活発化する韓国の対インドネシア直接投資
金融と自動車が牽引

2021年9月3日

韓国の文在寅(ムン・ジェイン)政権は、ASEAN諸国やインドとの関係を強化する「新南方政策」を推進している。ASEANの中では、ベトナムとの緊密な経済関係が目立つ。そのベトナムとともに、インドネシアとの経済関係が深まっているのも特徴だ。

実際、韓国の対インドネシア直接投資(実行ベース、フロー)は近年、活発化している。韓国輸出入銀行の統計によると、2020年は13億1,875万ドルで、国・地域別で10位、ASEANの中でシンガポール、ベトナムに次ぐ3位の投資先となった。また、2020年は新型コロナウイルス禍で対外直接投資が停滞した中、対インドネシアは前年比34.1%増と、韓国の対外直接投資額上位10カ国・地域の中ではカナダ(約2.5倍)に次いで2番目に高い伸び率を記録した。
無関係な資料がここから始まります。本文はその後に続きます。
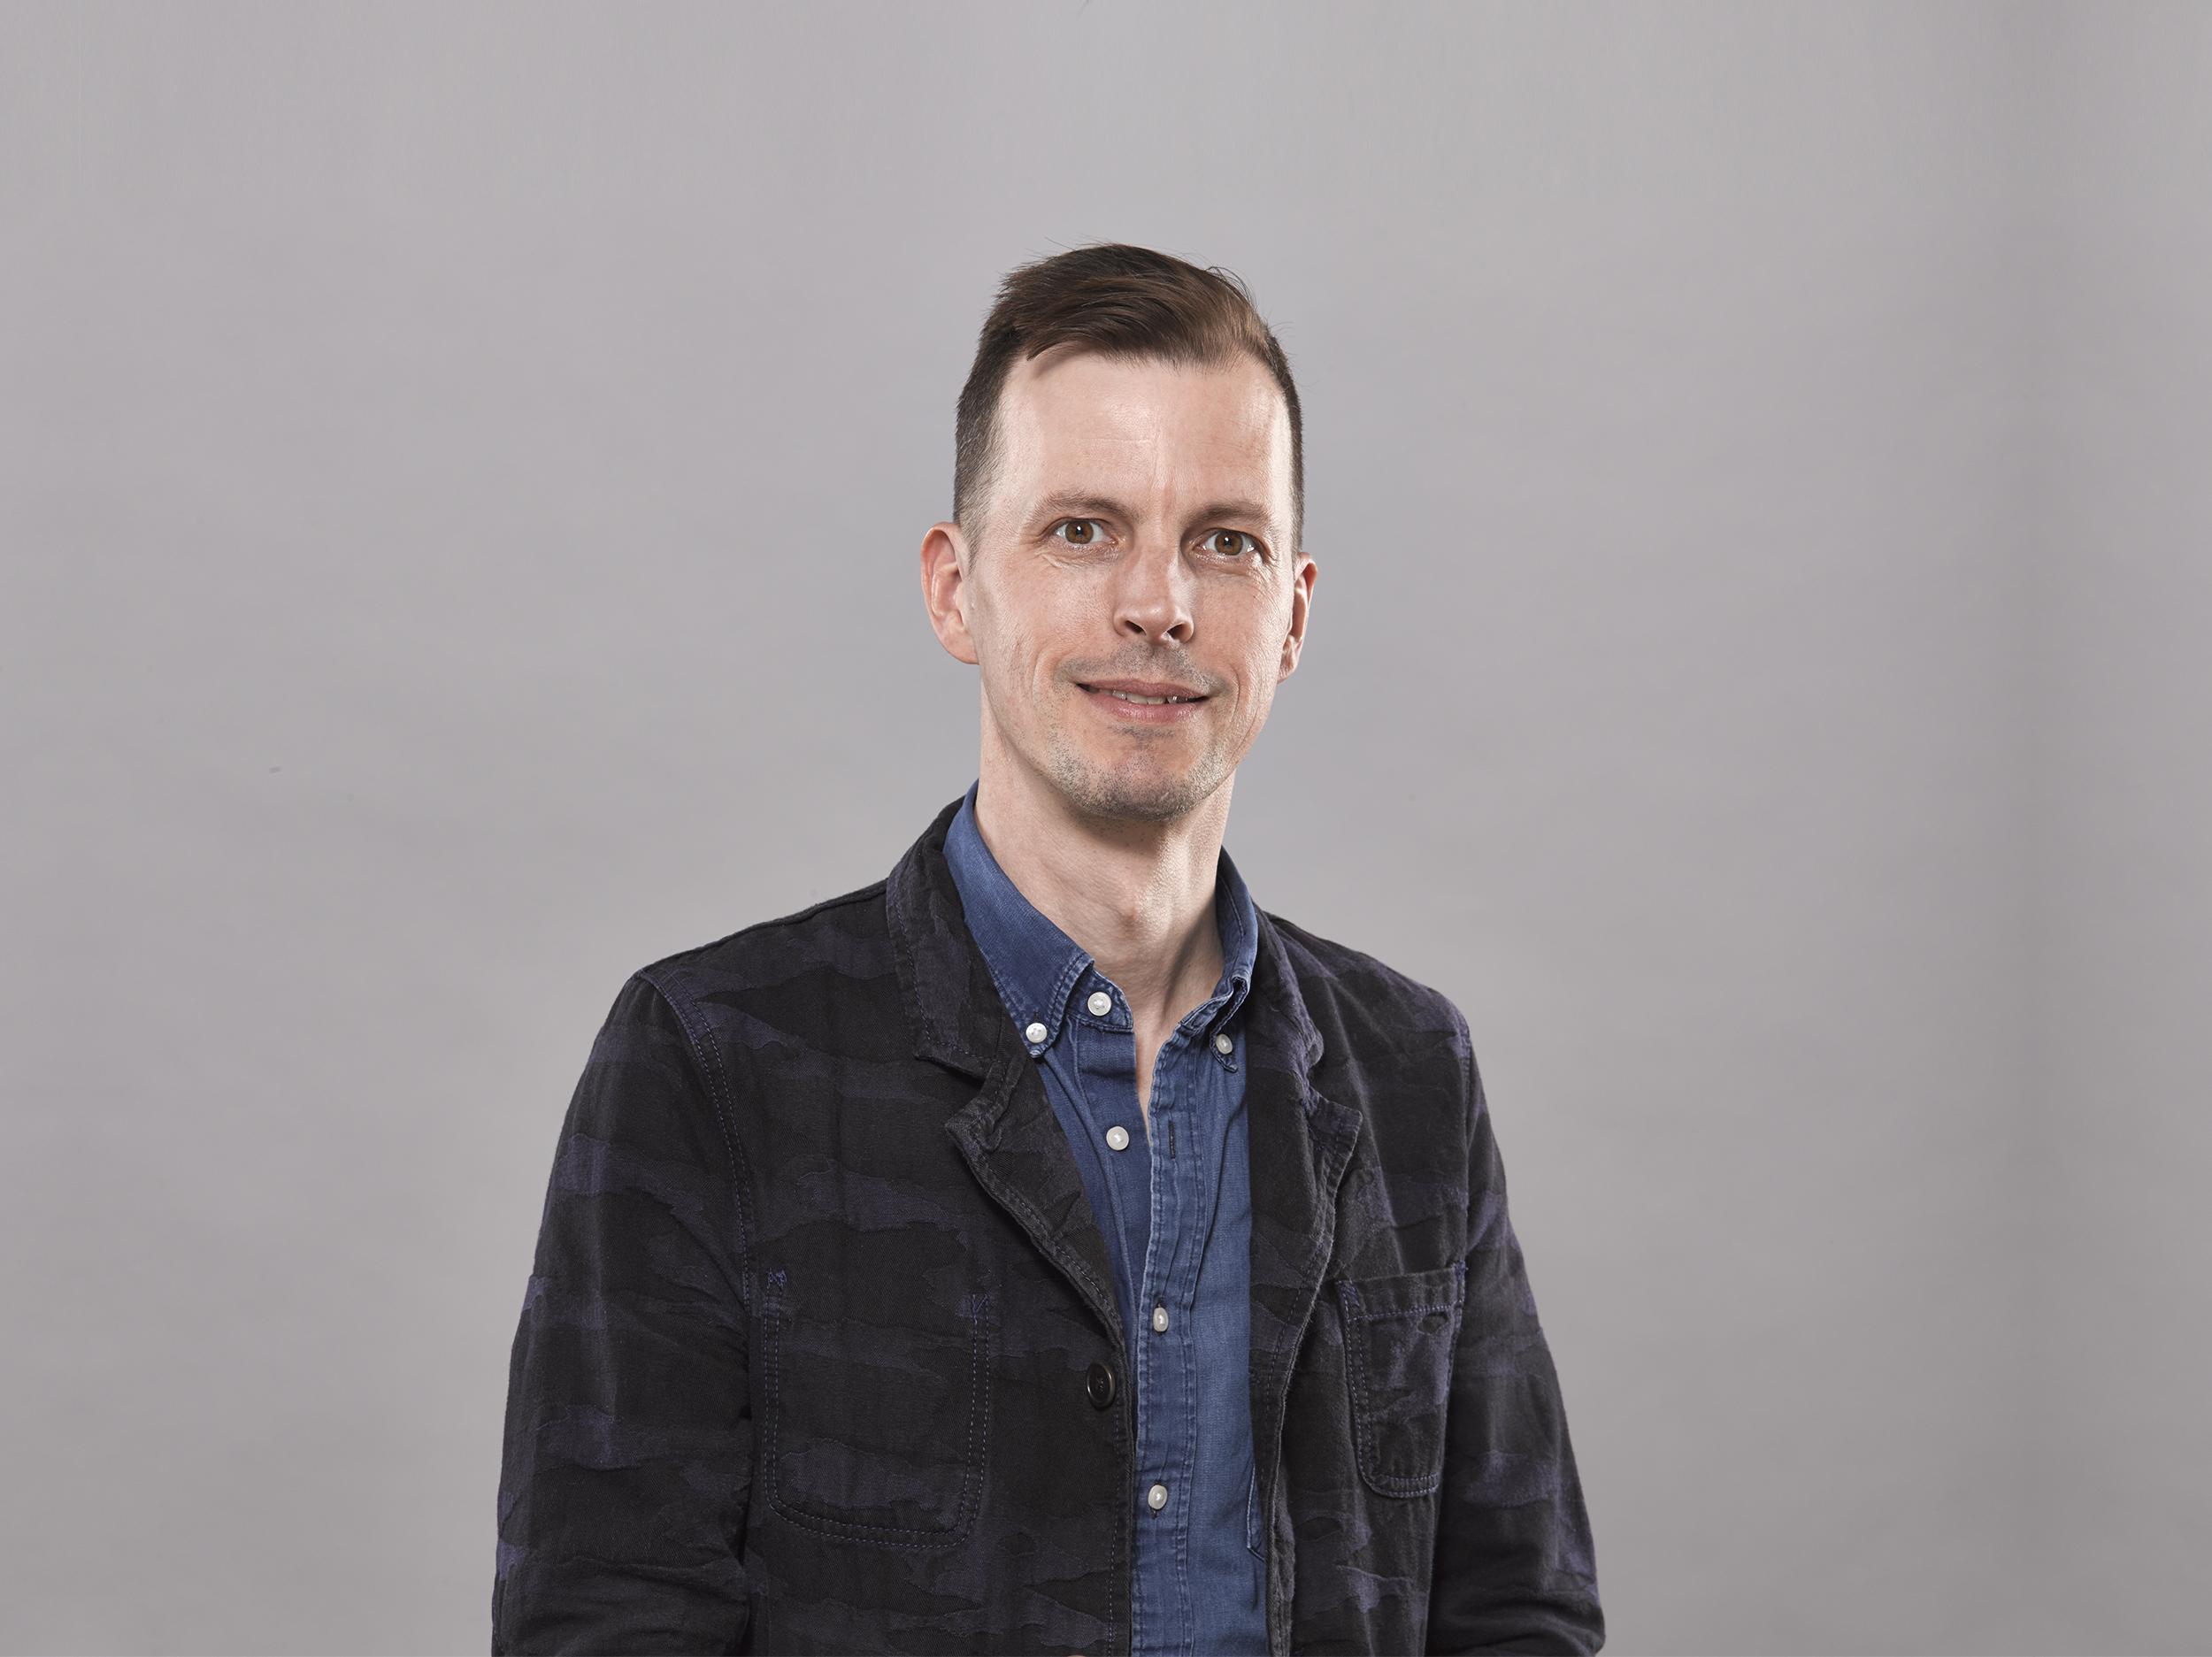 Prof. Bernd Diemer
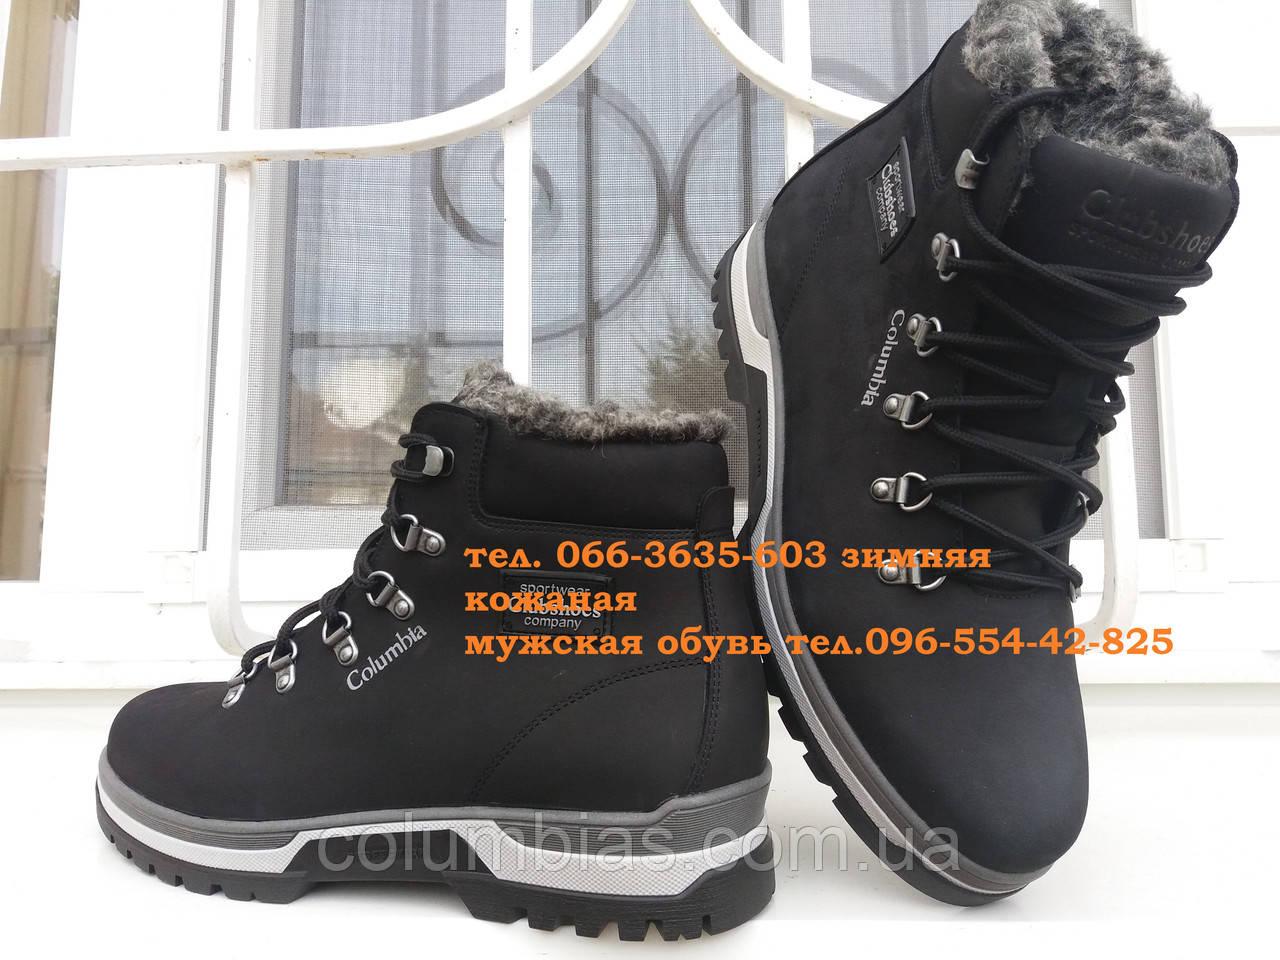 Ботинки Columbiia 40.41.42.43.44.45

インドネシア側の統計にも、それは表れている。インドネシア投資調整庁(BKPM)によると、韓国からの直接投資額(実行ベース、フロー)は2019年に10億7,020万ドルだったのが、2020年には18億4,190万ドルに増加。国・地域別で、シンガポール、中国、香港、日本に次ぐ5位になった。さらに2021年上半期(1~6月)も10億7,720万ドルで、シンガポール、香港、中国、オランダに次ぐ5位。6位の日本を僅差で上回った(2021年8月10日付ビジネス短信参照)。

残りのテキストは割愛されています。